| About this task |
Keep the pictures out. Write out every line of the listing exactly.

(Data segment begins)

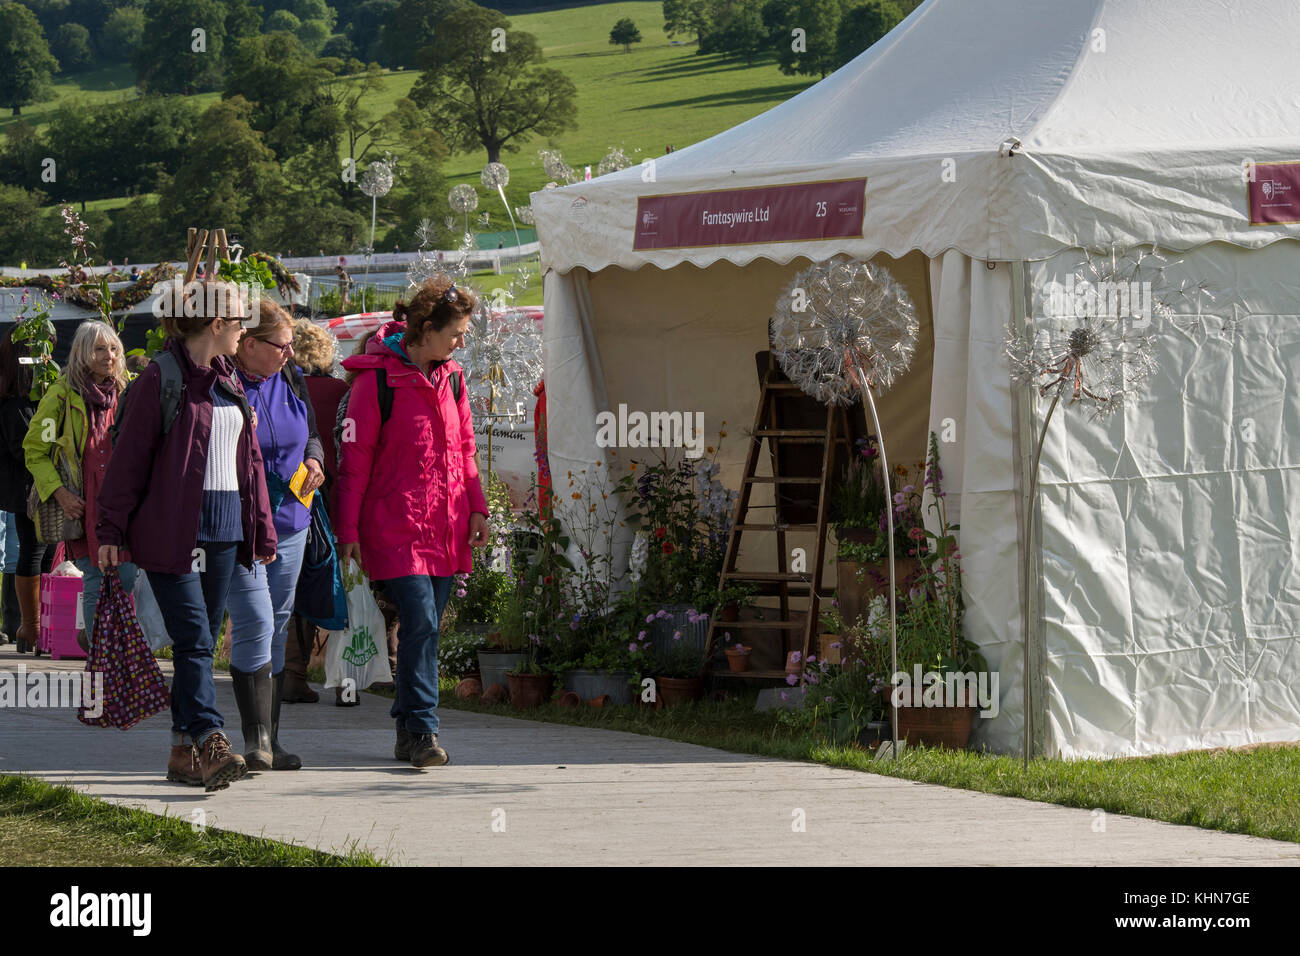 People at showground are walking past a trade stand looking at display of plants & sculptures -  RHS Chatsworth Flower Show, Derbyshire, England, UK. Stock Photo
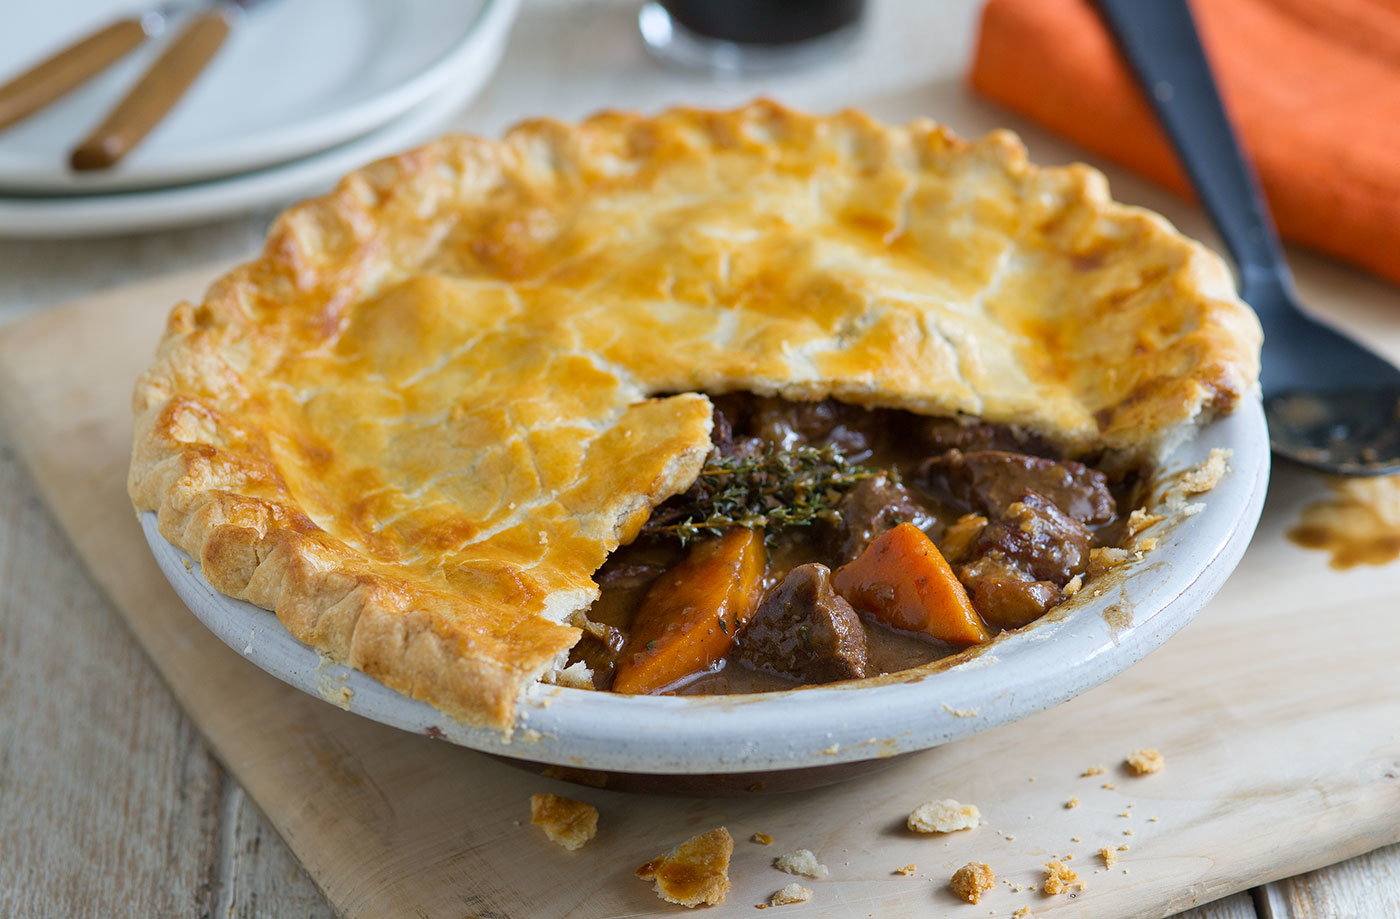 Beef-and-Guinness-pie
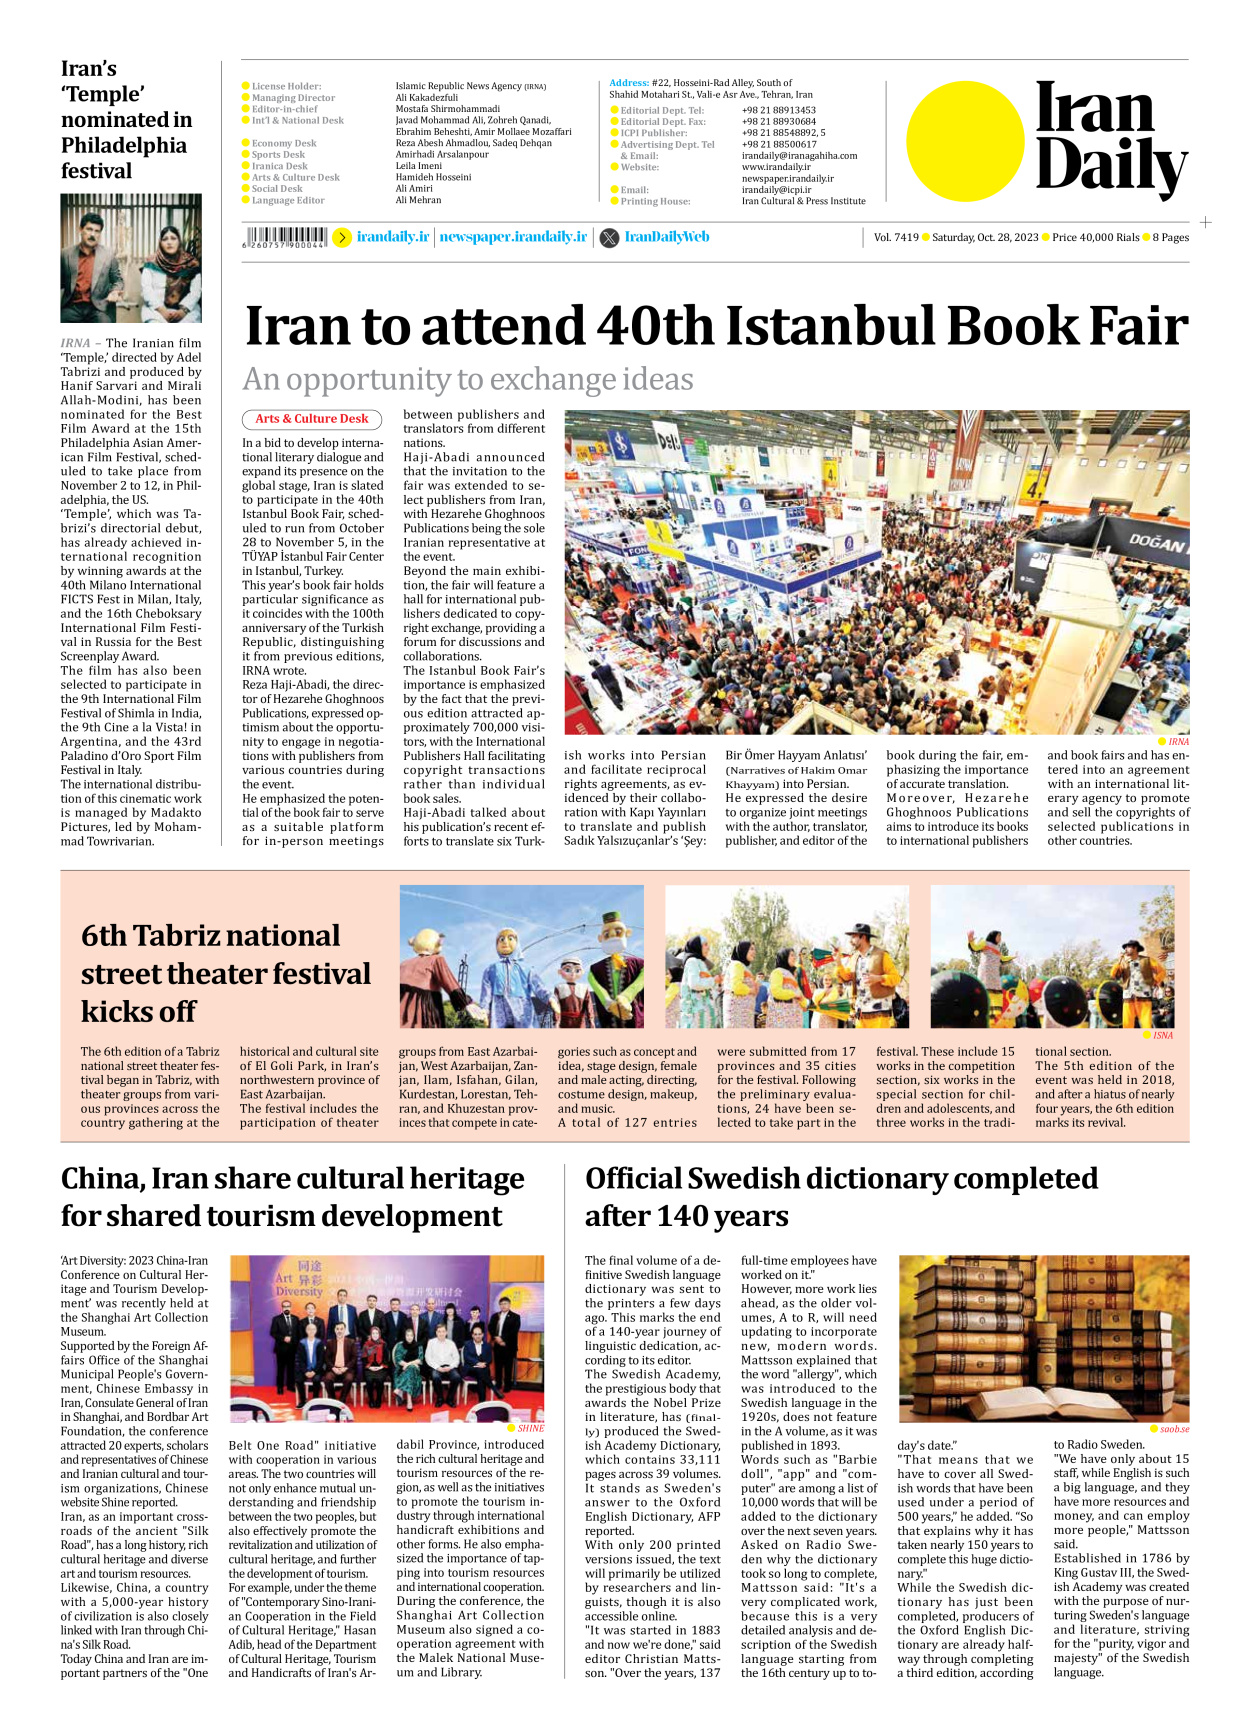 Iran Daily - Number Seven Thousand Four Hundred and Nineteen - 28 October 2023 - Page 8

(Data segment ends)

| Result |
 People at showground are walking past a trade stand looking at display of plants & sculptures -  RHS Chatsworth Flower Show, Derbyshire, England, UK. Stock Photo
 Beef-and-Guinness-pie
 Iran Daily - Number Seven Thousand Four Hundred and Nineteen - 28 October 2023 - Page 8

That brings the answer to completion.